9.1 Falsity and truth cannot be altered by additional knowledge

Suppose that sentence \(\mathsfit{X}\) is judged to be completely impossible, conditional on sentence \(\mathsfit{Z}\):

\[ \mathrm{P}(\mathsfit{X}\nonscript\:\vert\nonscript\:\mathopen{} \mathsfit{Z}) = 0 \]

It can then be proved, from the fundamental rules, that \(\mathsfit{X}\) is also completely impossible if we add information to \(\mathsfit{Z}\). That is, for any sentence \(\mathsfit{Y}\) we’ll also have

\[ \mathrm{P}(\mathsfit{X}\nonscript\:\vert\nonscript\:\mathopen{} \mathsfit{Y}\land \mathsfit{Z}) = 0 \]

Exercise

Try to prove this. (Hint: try using the and-rule one or more times.)

What if we use \(\lnot\mathsfit{X}\) for \(\mathsfit{Y}\), that is, what if we acquire knowledge that \(\mathsfit{X}\) is actually true? Then it can be proved that all probability calculations break down. The problem is that \(\lnot\mathsfit{X}\) and \(\mathsfit{Z}\) turn out to be mutually contradictory, so all inferences are starting from contradictory premises. You probably know that in formal logic if we start from contradictory premises then we can obtain any conclusion whatsoever. The same happens with probability logic.

Note that this problem does not arise, however, if \(\mathsfit{X}\) is only extremely improbable conditional on \(\mathsfit{Z}\), say with a probability of \(10^{-100}\), rather than flat-out impossible. In practical applications we often approximate extremely small probabilities by \(0\), or extremely large ones by \(1\). If the probability calculations break down, we must then step back and correct the approximation.


By using the not-rule it is possible to prove that full certainty about a sentence behaves in a similar manner. If sentence \(\mathsfit{X}\) is judged to be completely certain conditional on sentence \(\mathsfit{Z}\):

\[ \mathrm{P}(\mathsfit{X}\nonscript\:\vert\nonscript\:\mathopen{} \mathsfit{Z}) = 1 \]

then, from the fundamental rules, \(\mathsfit{X}\) is also completely certain if we add information to \(\mathsfit{Z}\). That is, for any sentence \(\mathsfit{Y}\) we’ll also have

\[ \mathrm{P}(\mathsfit{X}\nonscript\:\vert\nonscript\:\mathopen{} \mathsfit{Y}\land \mathsfit{Z}) = 1 \]

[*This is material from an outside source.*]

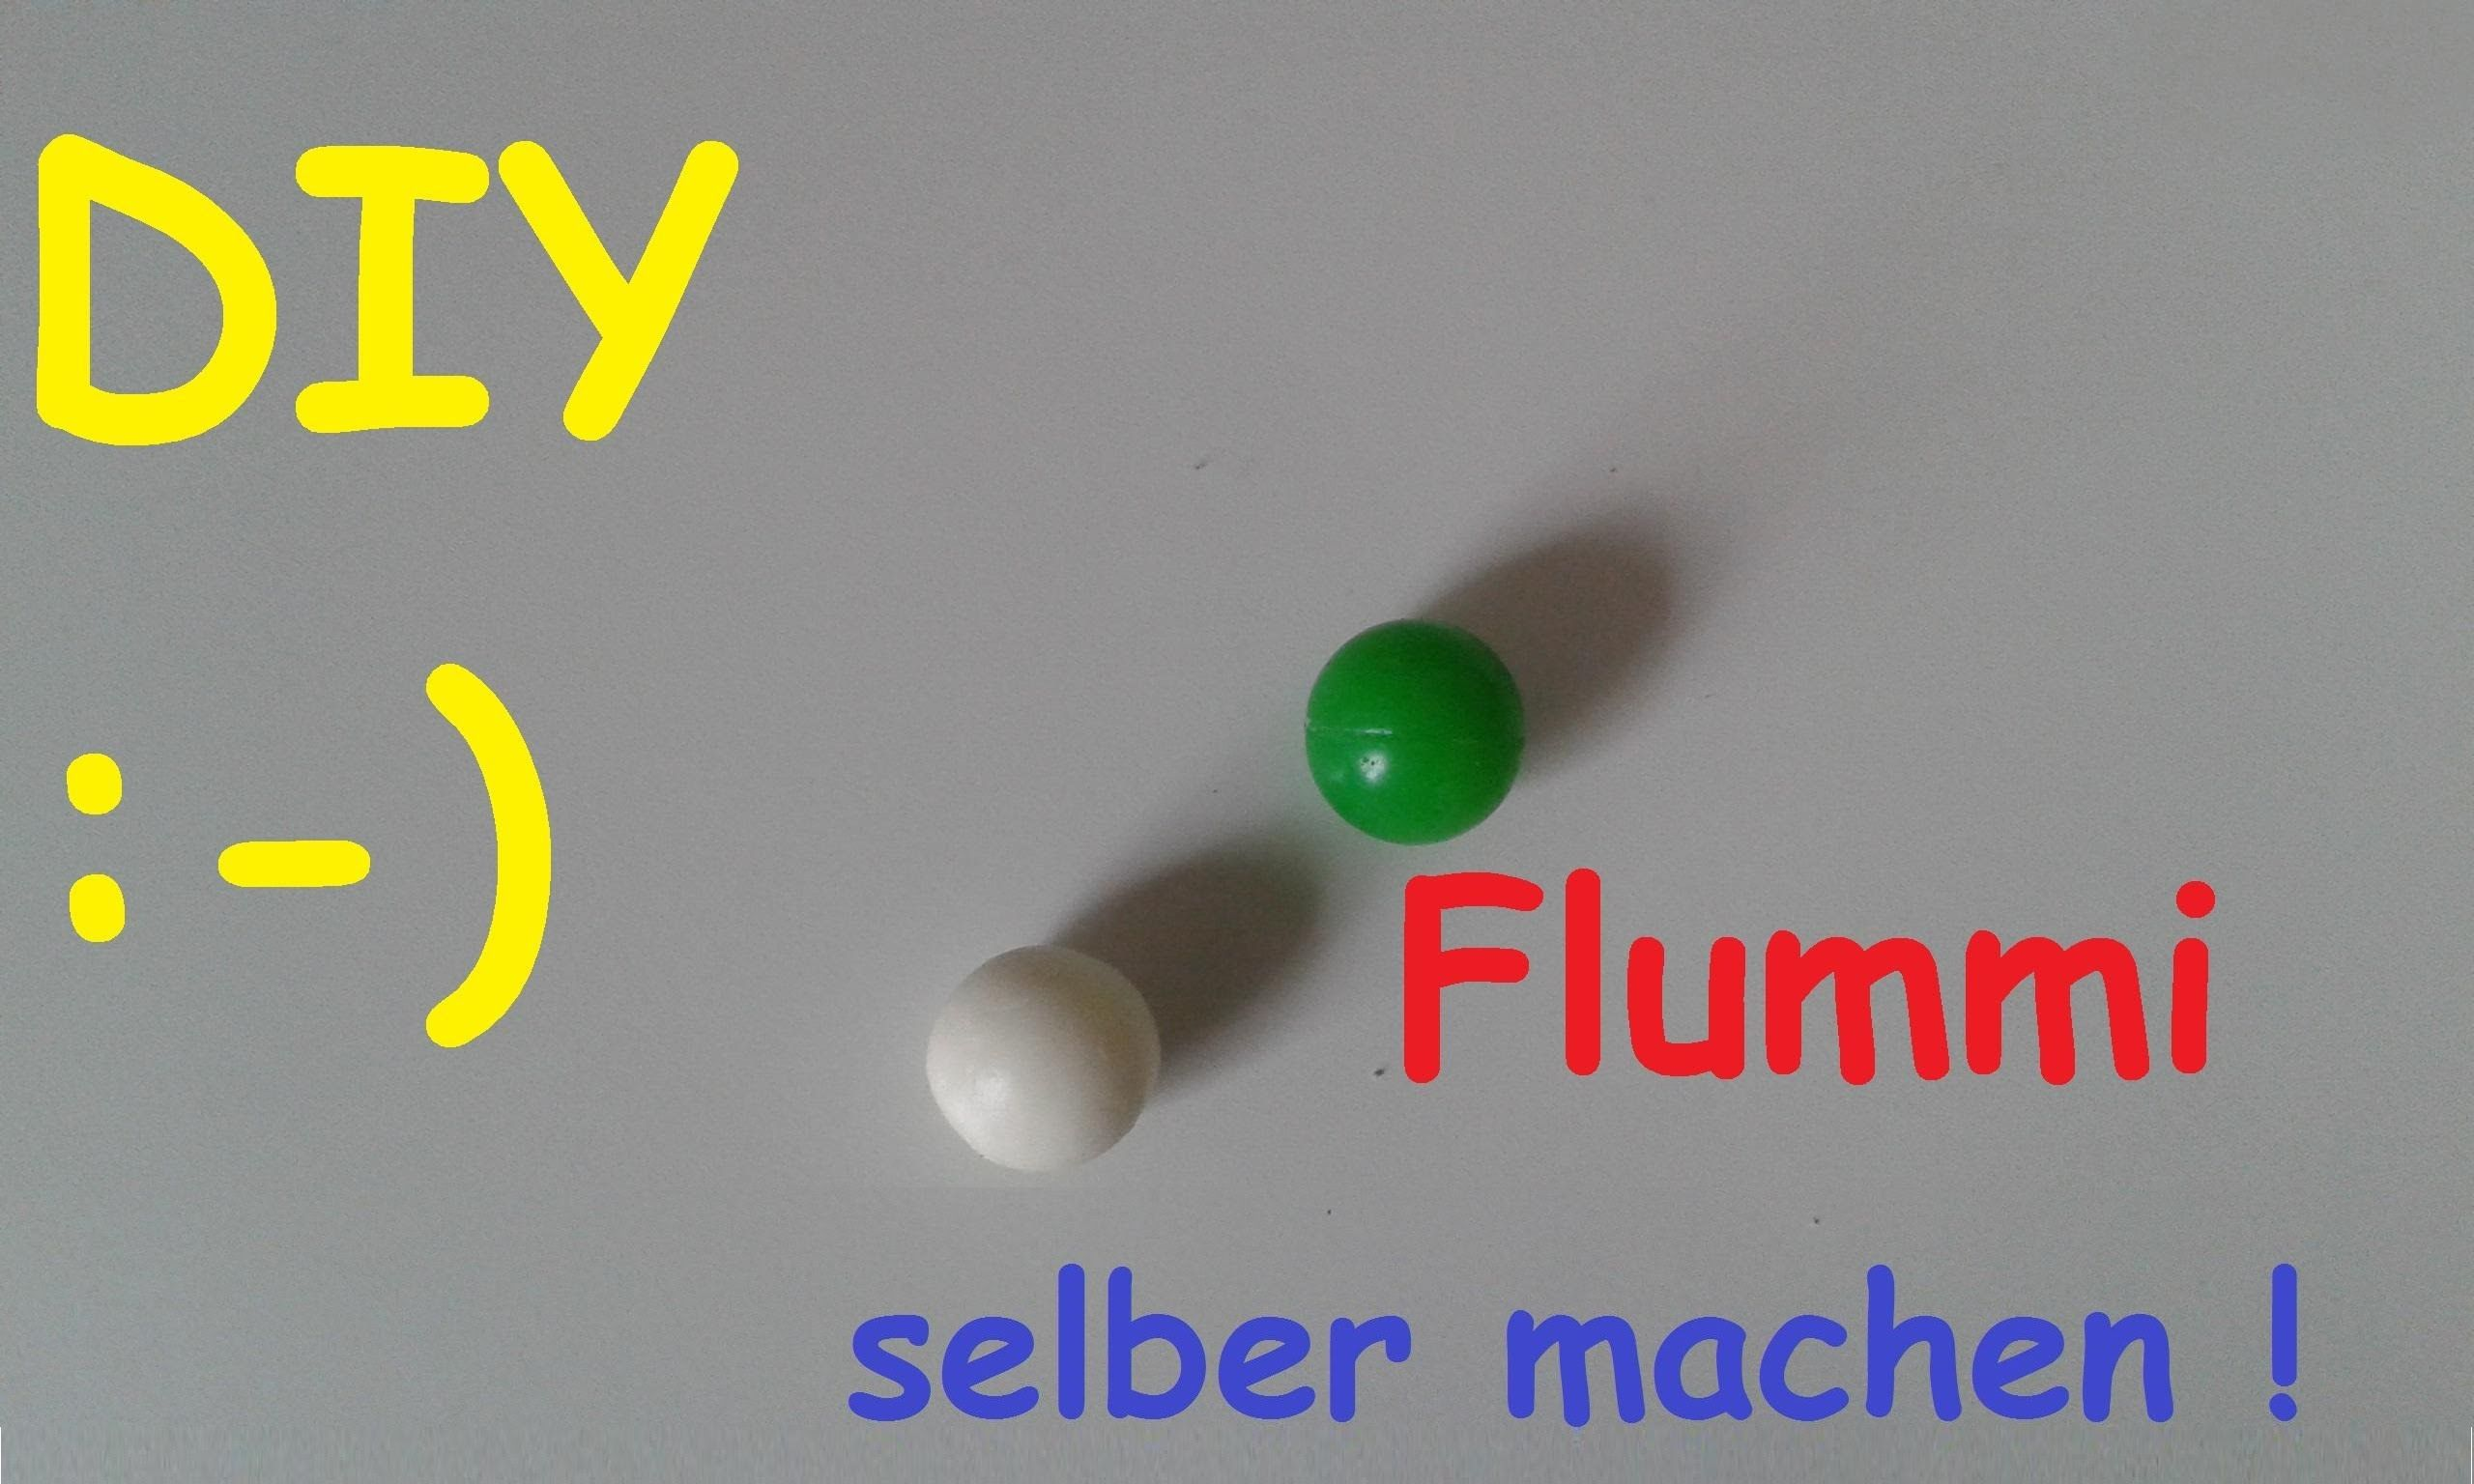 diy flummi aus silikon selber machen einen flummi herstellen bauen diy pinterest. Black Bedroom Furniture Sets. Home Design Ideas

Shortcut rules: permanence of truth and falsity

\[ \begin{aligned} &\text{if}\quad \mathrm{P}(\mathsfit{X}\nonscript\:\vert\nonscript\:\mathopen{} \mathsfit{Z}) = 0\text{ or }1 \\ &\text{then}\quad \mathrm{P}(\mathsfit{X}\nonscript\:\vert\nonscript\:\mathopen{} \mathsfit{Y}\land \mathsfit{Z}) = \mathrm{P}(\mathsfit{X}\nonscript\:\vert\nonscript\:\mathopen{} \mathsfit{Z}) \quad\text{for any $\mathsfit{Y}$ not contradicting $\mathsfit{Z}$} \end{aligned} \]


9.2 Boolean algebra

It is possible to show that all rules you may know from Boolean algebra are a consequence of the fundamental rules of § 8.4. So we can always make the following convenient replacements anywhere in a probability expression:

Shortcut rules: Boolean algebra

\[ \begin{gathered} \lnot\lnot \mathsfit{X}= \mathsfit{X} \\[1ex] \mathsfit{X}\land \mathsfit{X}= \mathsfit{X} \\[1ex] \mathsfit{X}\lor \mathsfit{X}= \mathsfit{X} \\[1ex] \mathsfit{X}\land \mathsfit{Y}= \mathsfit{Y}\land \mathsfit{X} \\[1ex] \mathsfit{X}\lor \mathsfit{Y}= \mathsfit{Y}\lor \mathsfit{X} \\[1ex] \mathsfit{X}\land (\mathsfit{Y}\lor \mathsfit{Z}) = (\mathsfit{X}\land \mathsfit{Y}) \lor (\mathsfit{X}\land \mathsfit{Z}) \\[1ex] \mathsfit{X}\lor (\mathsfit{Y}\land \mathsfit{Z}) = (\mathsfit{X}\lor \mathsfit{Y}) \land (\mathsfit{X}\lor \mathsfit{Z}) \\[1ex] \lnot (\mathsfit{X}\land \mathsfit{Y}) = \lnot \mathsfit{X}\lor \lnot \mathsfit{Y} \\[1ex] \lnot (\mathsfit{X}\lor \mathsfit{Y}) = \lnot \mathsfit{X}\land \lnot \mathsfit{Y} \end{gathered} \]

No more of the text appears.